10. Siapa Anton?

43 14 34
                                    

Tekan bintang di pojok kiri 🌟
Hargai karya penulis😊

***

Aku membuka mata saat suara ayam berkokok terdengar di luar sana, aku sangat bersyukur masih bisa membuka mata dan bernafas di hari ini. Segera aku bangkit dan membuka gorden jendela kamarku, lalu bergegas untuk merapihkan kasur.

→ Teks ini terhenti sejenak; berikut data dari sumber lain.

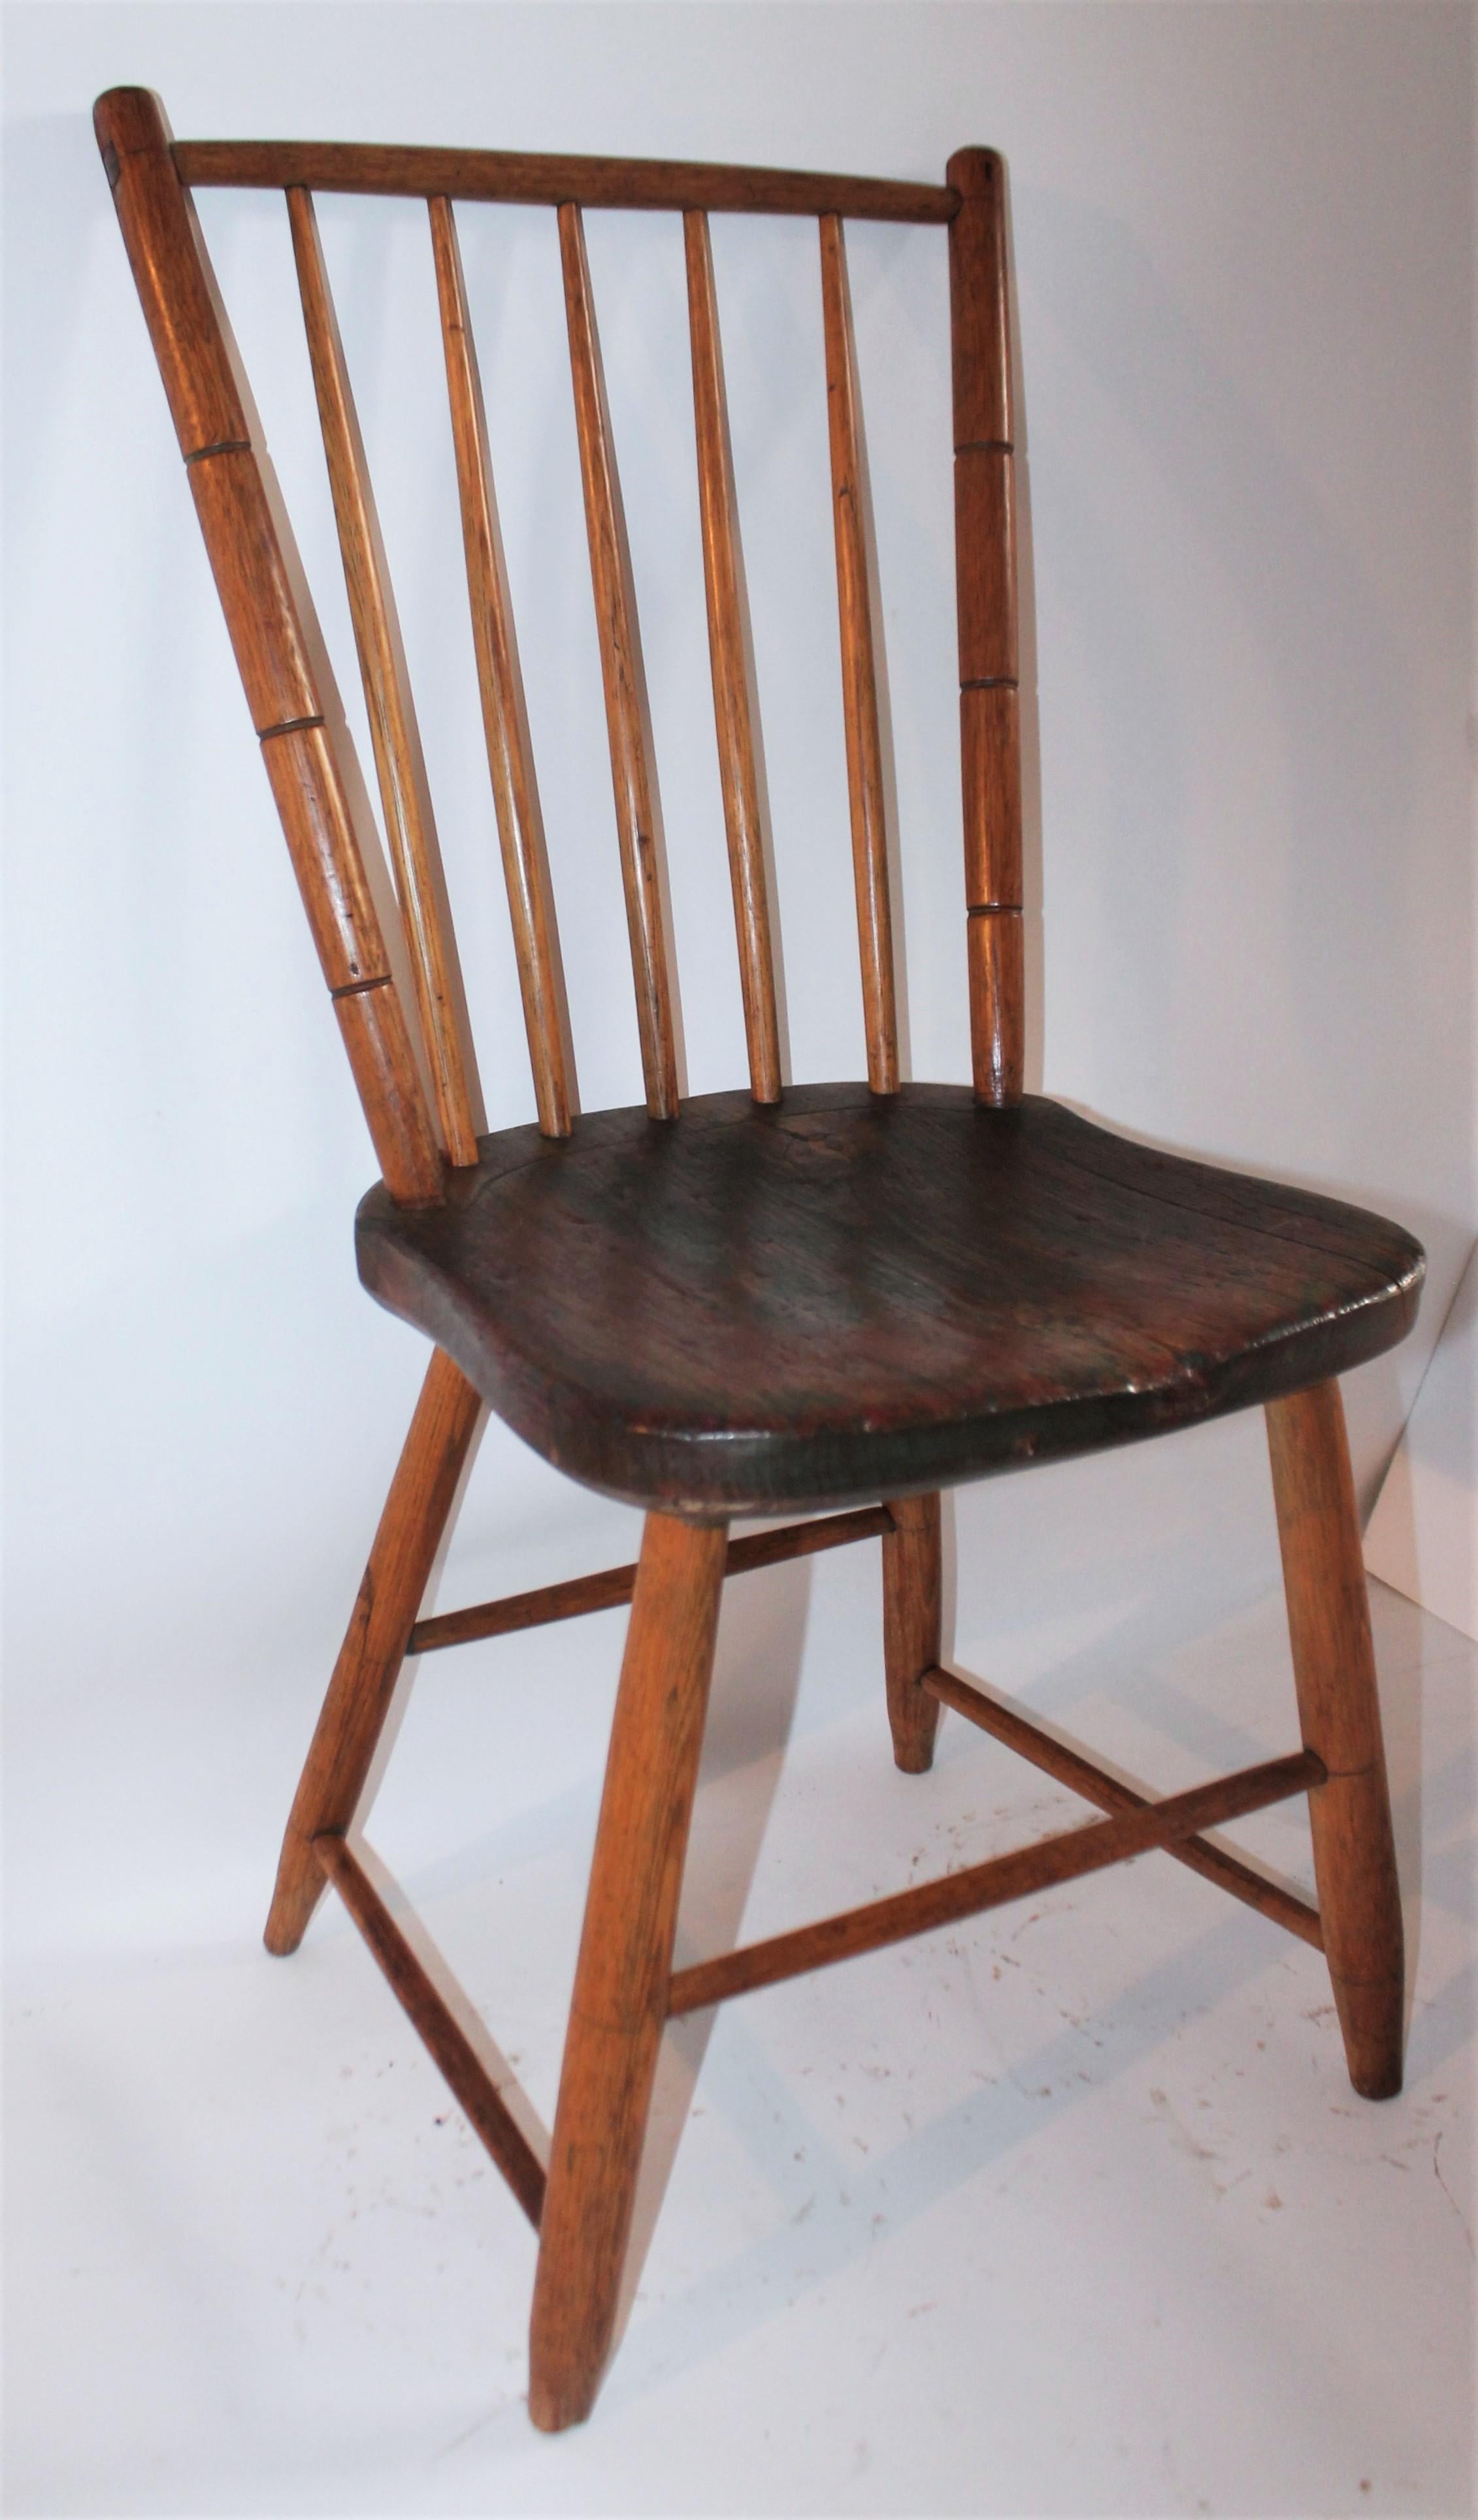 19th century Windsor with original green paint in grain. Great patina and great craftsmanship. Pennsylvania Bird Cage Windsor.

Kuambil handuk yang tergantung sambil bersenandung kecil, lalu segera menuju kamar mandi.

"Mau ngapain kamu?" tanya Ibu yang tiba-tiba muncul di belakangku.

"Mau mandi, Bu."

"Hari ini kamu nggak usah sekolah!" Aku terkejut, kenapa Ibu melarangku untuk berangkat ke sekolah?

"Ta-tapi kenapa, Bu?" tanyaku hati-hati.

Ibu berjalan mendekatiku hingga jarak kami hanya tinggal beberapa centimeter saja, "kamu urusin, tuh, Ayah kamu!"

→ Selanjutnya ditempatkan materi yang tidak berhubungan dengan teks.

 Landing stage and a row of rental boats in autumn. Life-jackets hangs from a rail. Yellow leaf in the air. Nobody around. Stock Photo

"Bukannya hari ini Ibu nggak kemana-mana?"

"Apa? Kamu mau ngebantah? Udah sana cepet urusin Ayah kamu sebelum Ibu berubah pikiran dan akan melakukan kekerasan ke kamu." Aku hanya bisa mengangguk dengan takut dan segera membuat bubur untuk sarapan Ayah.

Bagaimana dengan sekolahku? Defan pasti mencariku. Ah, andai saja aku memiliki ponsel pasti aku sudah memberi kabar padanya saat ini, tetapi ponselku sudah dijual Ibu satu tahun lalu. Aku pun hanya bisa pasrah mengingat alpaku yang entah sudah berapa.

***

Di sini Ayah terbaring, di atas kasur dengan wajahnya yang pucat, masih berada di dunia mimpi dengan wajah yang sangat membuatku rindu, rindu pada sosok Ayah yang dulu.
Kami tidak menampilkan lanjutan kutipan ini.